Таким образом, даже приход к власти «Солидарности» в Москве считался меньшим злом по сравнению с неизбежным ужесточением западных санкций в случае советской военной интервенции в Польше. И накануне введения военного положения первому секретарю ЦК ПОРП и главе правительства генералу Войцеху Ярузельскому сообщили, что в случае неудачи с введением военного положения он не сможет рассчитывать на помощь советских войск, о привлечении которых он сам просил. И хотя Ярузельский в итоге справился с введением военного положения и интернированием руководства «Солидарности» своими силами, это была пиррова победа.

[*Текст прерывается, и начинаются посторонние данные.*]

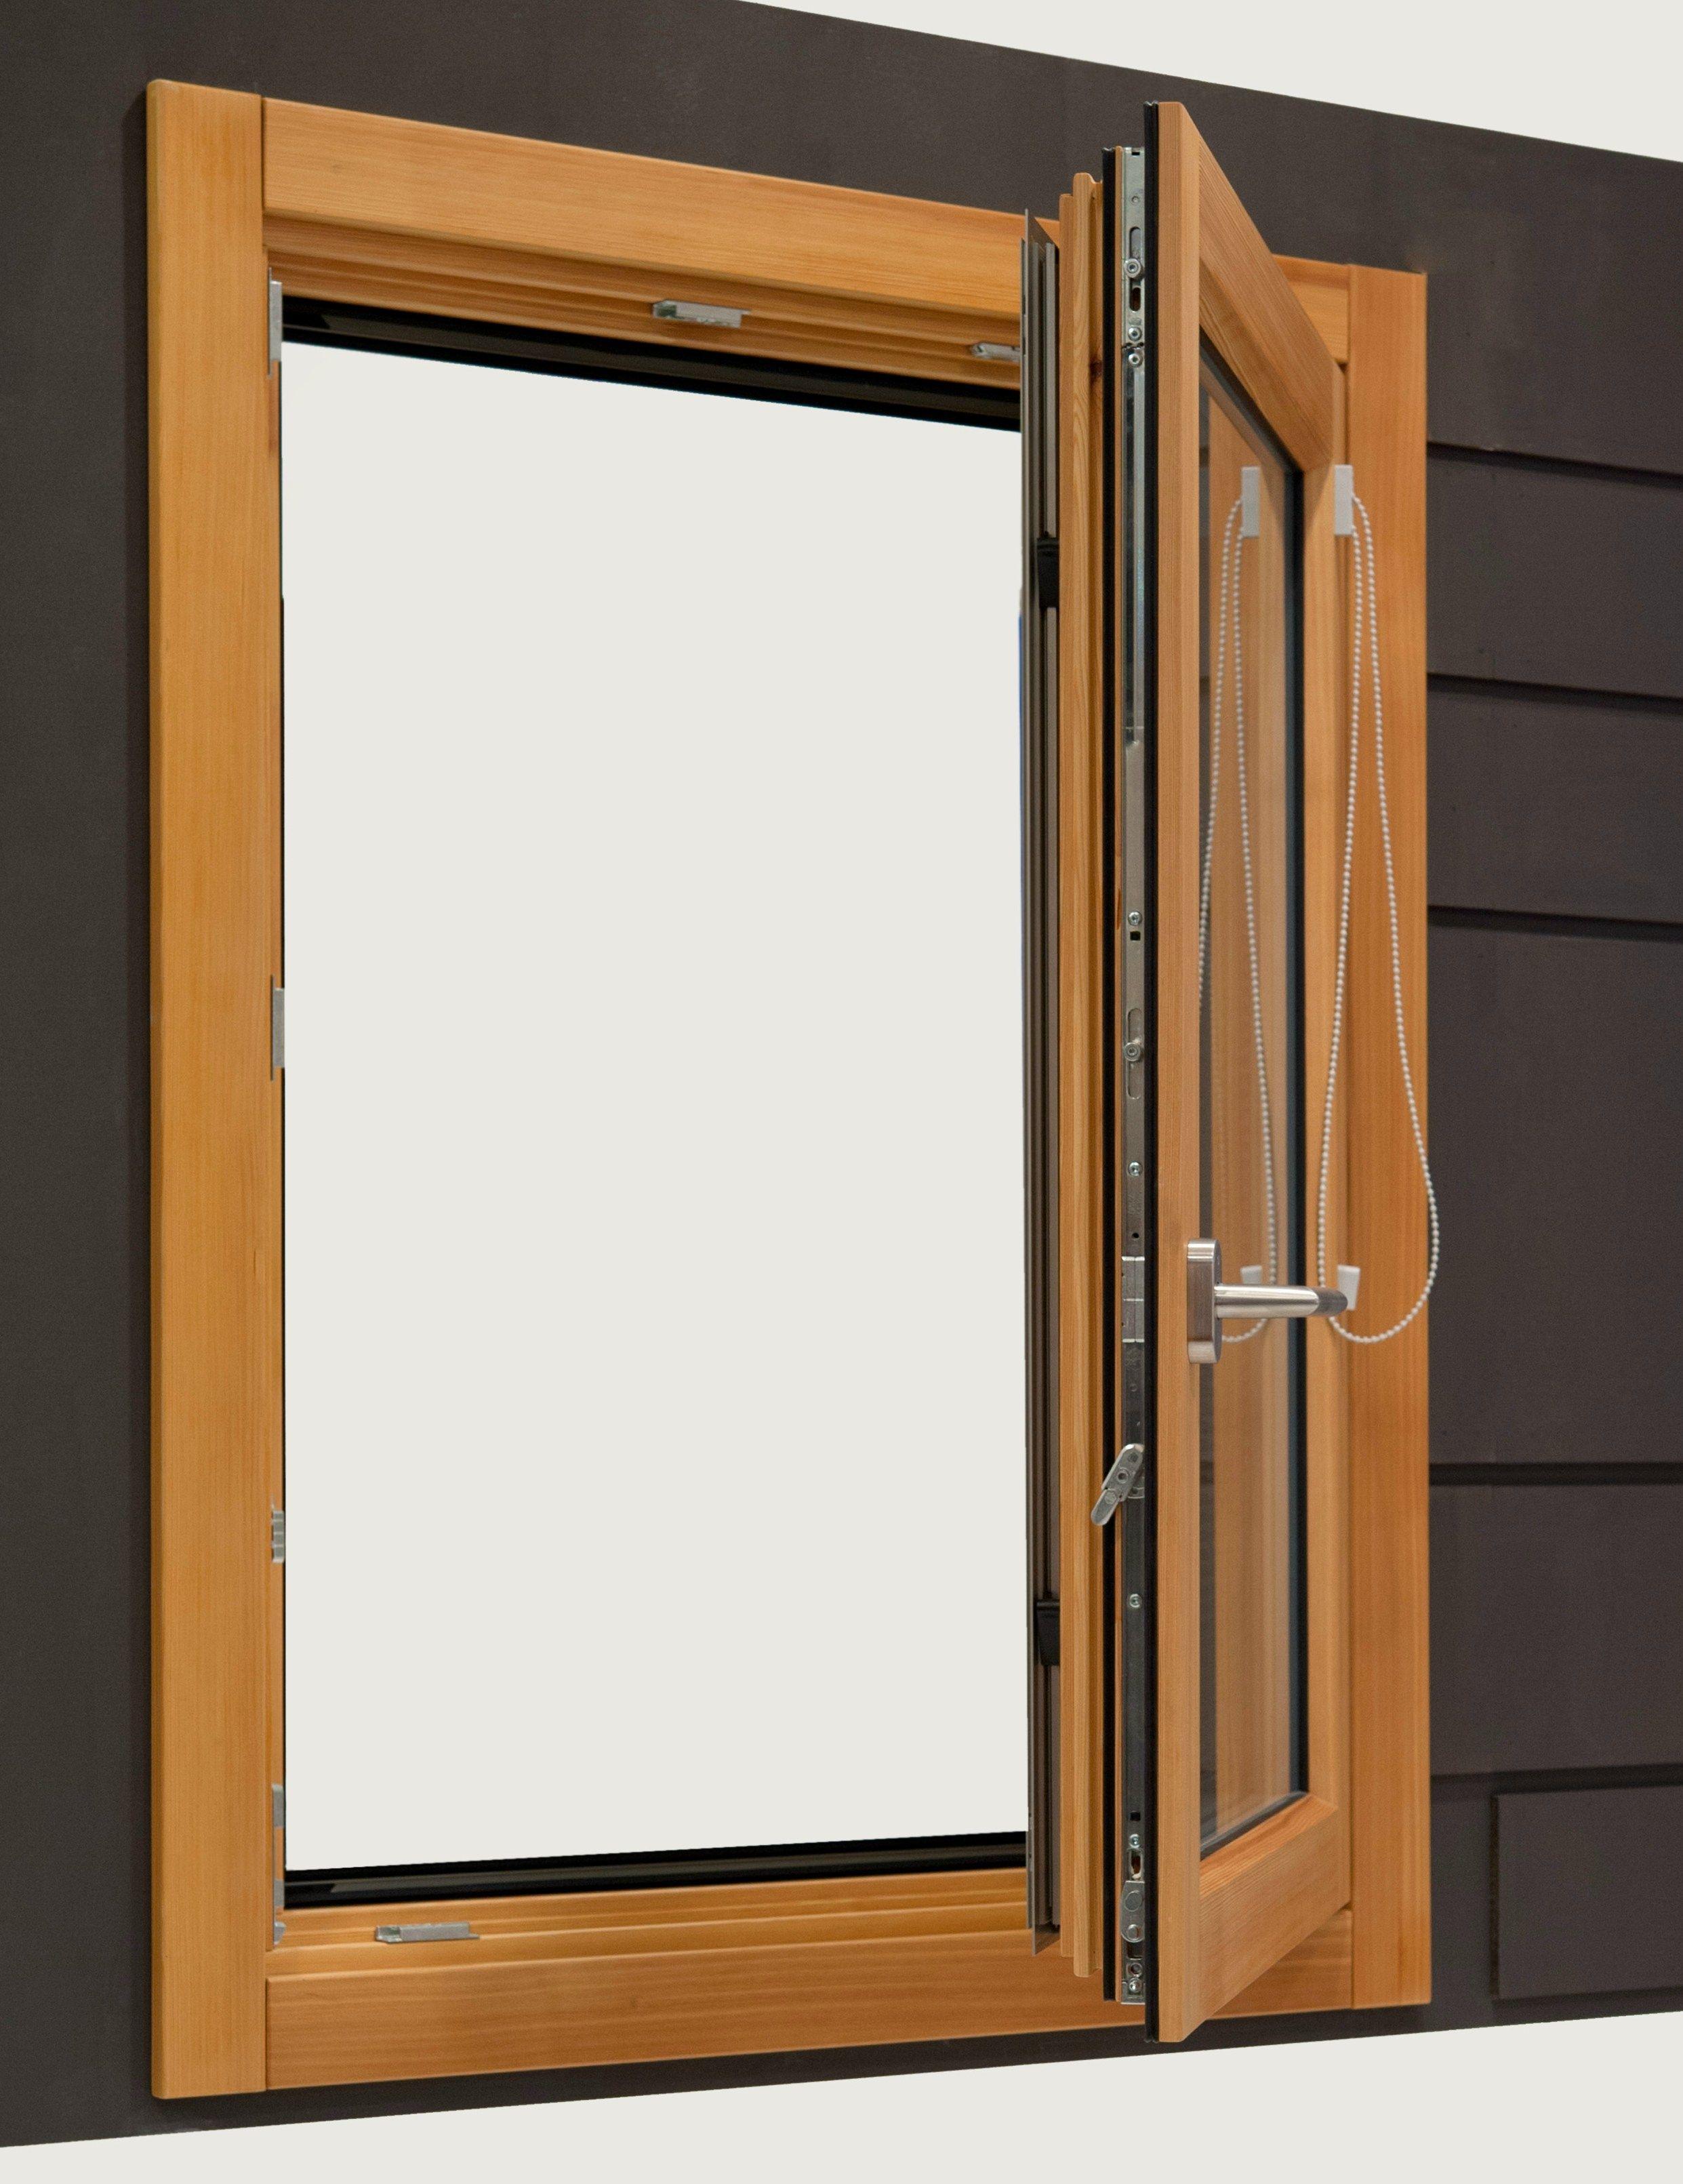 #764B23 invólucro janelas janelas janelas de alumínio madeira 1958 Janela De Aluminio Uberaba
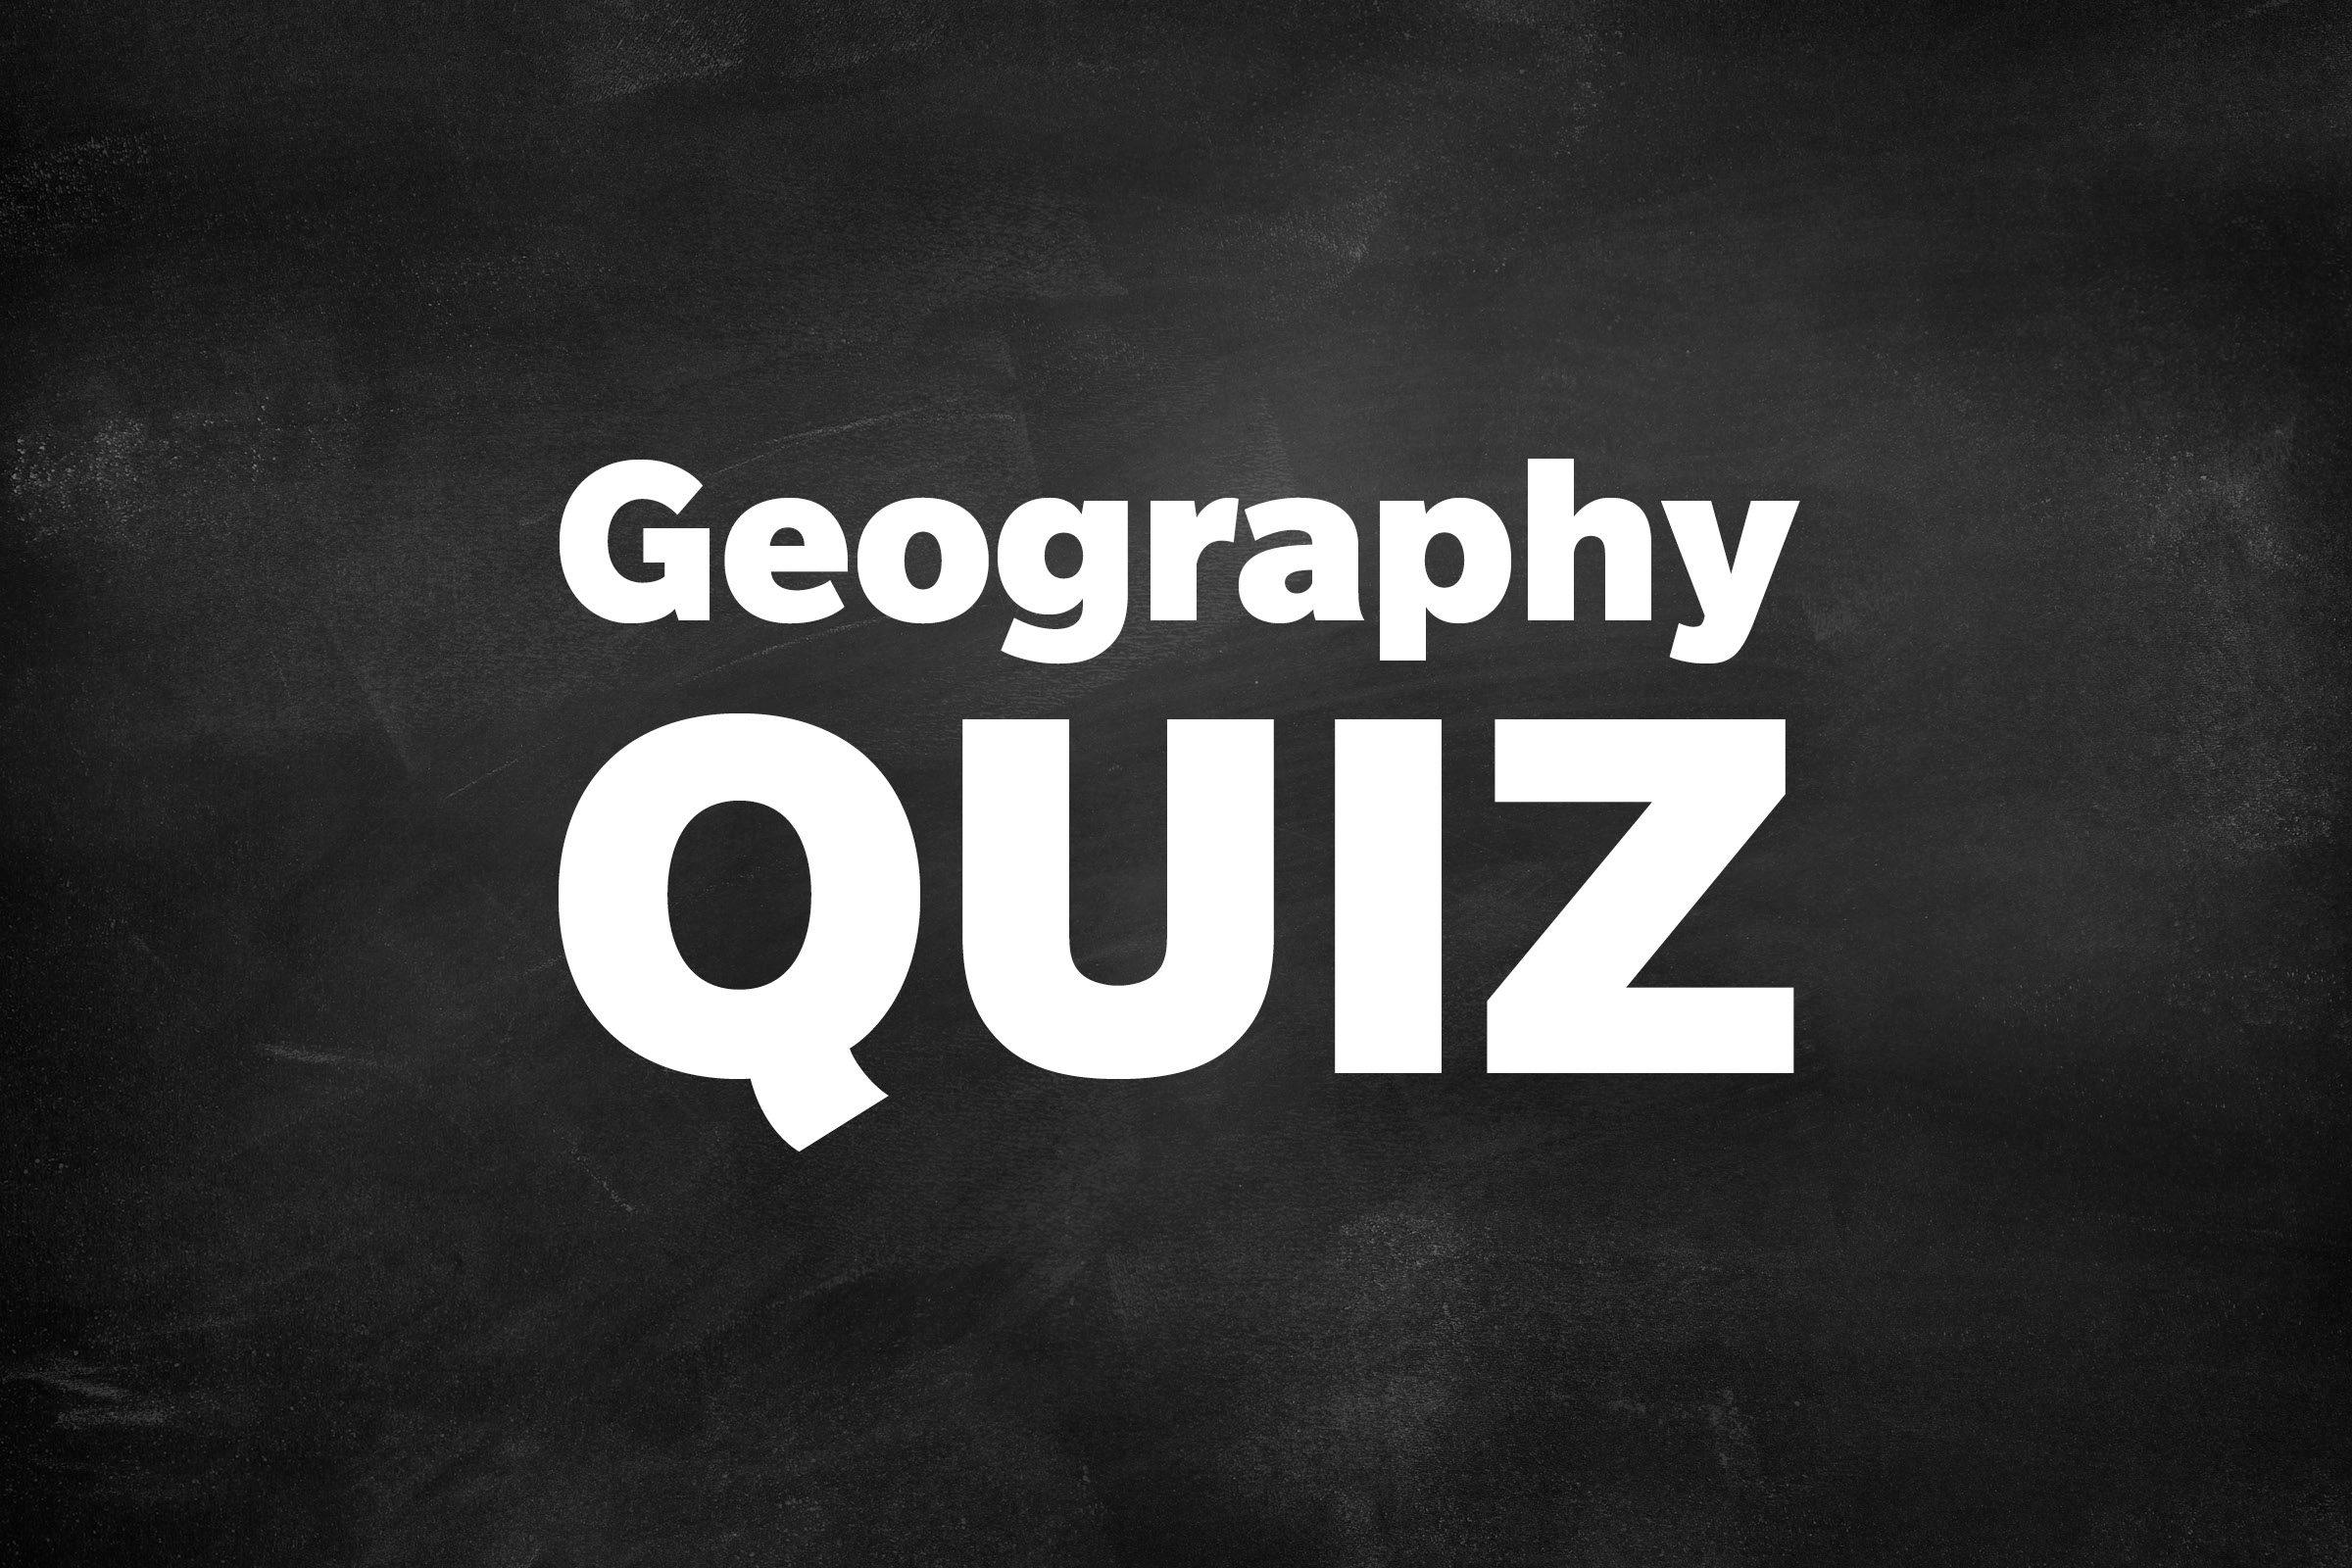 Geography Quiz written on blackboard

П. Черемушкин упоминает рабочий дневник генерала Виктора Аношкина, в 1981 году – адъютанта маршала Куликова, из которого «следует, что 9 декабря 1981 года Ярузельский просил советских партнеров ввести в Польшу войска, но получил уклончивый ответ. Подлинность этого документа подтверждает и директор Центра изучения холодной войны Гарвардского университета (США) Марк Крамер» (С. 14). Но тогда получается, что все утверждения Ярузельского о том, что он ввел военное положение только для того, чтобы не допустить ввод в Польшу советских войск, не стоят и ломаного гроша. И тогда непонятно, почему Черемушкин, судя по книге, доверяет эти утверждениям. Тогда ему надо было бы каким-то образом поставить под сомнение свидетельство Аношкина, но он это не делает. Вот уличающее Ярузельского место из дневника Аношкина: «Забастовки являются для нас лучшим вариантом. Рабочие остаются на месте. Будет хуже, если они покинут предприятия и начнут разорять партийные комитеты, организовывать демонстрации. Если это перекинется на всю страну, то вы будете должны нам помочь. Сами мы не справимся», – якобы с такими словами Ярузельский обратился к Куликову за четыре дня до введения военного положения. Он также пригрозил, что Польша может выйти из Варшавского договора, что в тех условиях вряд ли произвело на советское руководство хоть какое-то впечатление[3].
Черемушкин же утверждает, что ему ближе всего позиция Адама Михника, полагавшего, что политика Ярузельского спасла Польшу от советского вторжения на рубеже 1981 и 1982 годов (С. 35). Однако факты говорят, что генерал Ярузельский не только не был противником такого вторжения, но сам просил о вводе советских войск. Здесь мы наблюдаем весьма распространенное среди историков явление, когда исследователь, следуя принципу научной честности, приводит свидетельство, безусловно опровергающее его теорию, но все равно оказывается не в силах отказаться от дорогой его сердцу теории.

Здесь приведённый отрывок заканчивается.